Phospholipid structure and function
Figure 2.13 Phospholipid structure and function. a. Phospholipids are structured like fats, but one fatty acid is replaced by a polar phosphate group. b. Therefore, the head is polar while the tails are nonpolar. c. This causes the molecule to arrange itself as shown when exposed to water.
Steroids
Steroids are lipids that have an entirely different structure from those of fats. Steroid molecules have a backbone of four fused carbon rings.

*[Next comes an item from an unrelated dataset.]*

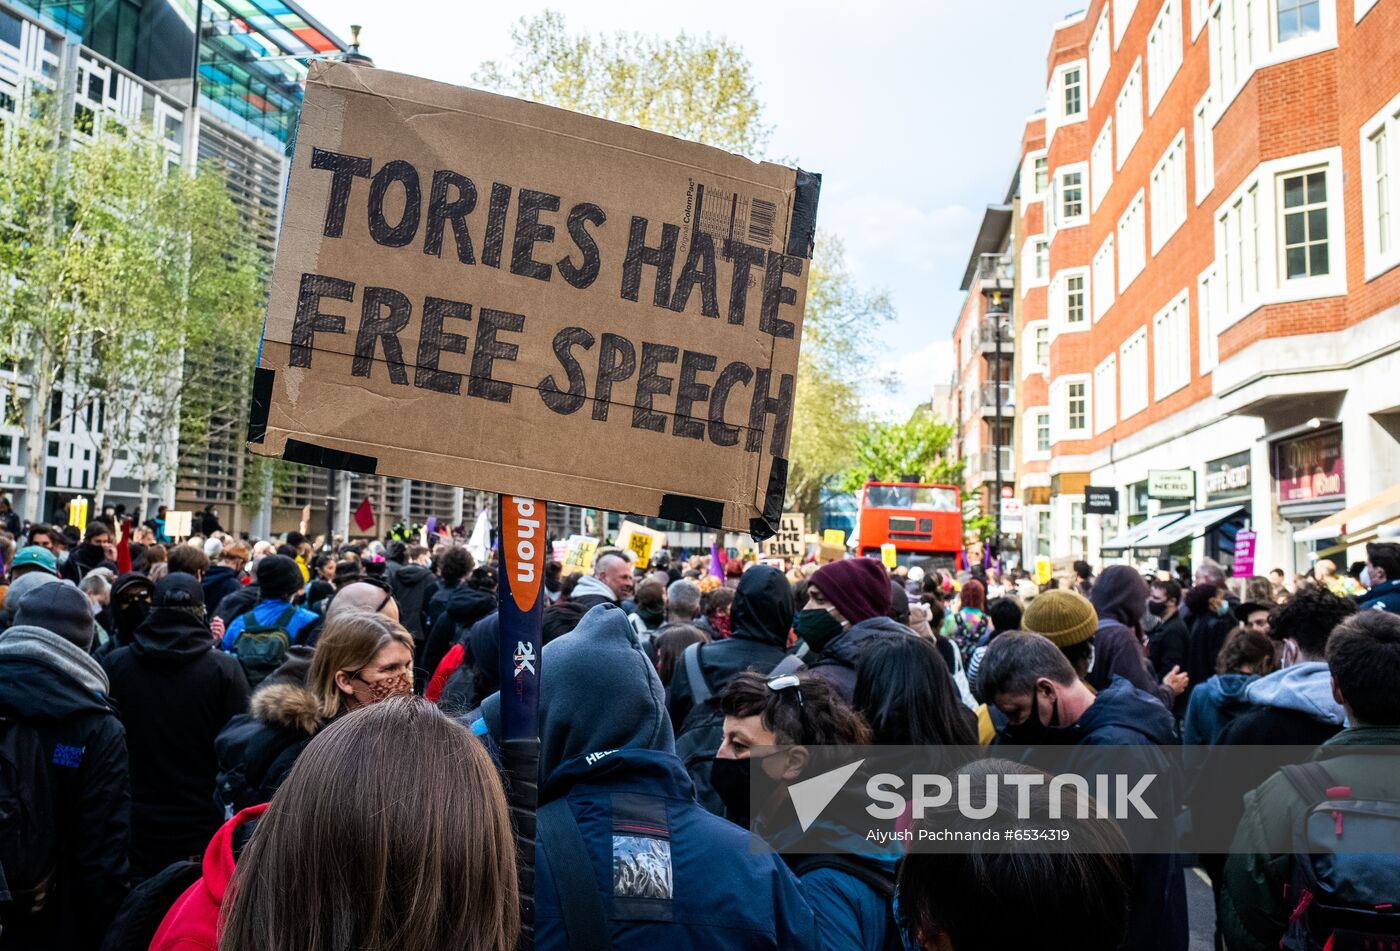 Britain Protests

Each one differs primarily by the functional groups attached to the rings. Cholesterol is a component of an animal cell’s outer membrane and is the precursor of several other steroids, such as the sex hormones estrogen and testosterone. The male sex hormone, testosterone, is formed primarily in the testes, and the female sex hormone, estrogen, is formed primarily in the ovaries. Testosterone and estrogen differ only by the functional groups attached to the same carbon backbone, yet they have a profound effect on the body and on our sexuality (Fig. 2.14a,b). Testosterone is a steroid that causes males to have greater muscle strength than females. Taking synthetic testosterone for this purpose, however, is dangerous to your health. We know that a diet high in saturated fats and cholesterol can cause fatty material to accumulate inside the lining of blood vessels, thereby reducing blood flow. Nutrition labels are now required to list the calories from fat per serving and the percent daily value from saturated fat and cholesterol.
Figure 2.14 Steroids. All steroids have four rings, but they differ by attached groups. The effects of (a) testosterone and (b) estrogen on the body largely depend on the difference in the attached groups shown in red.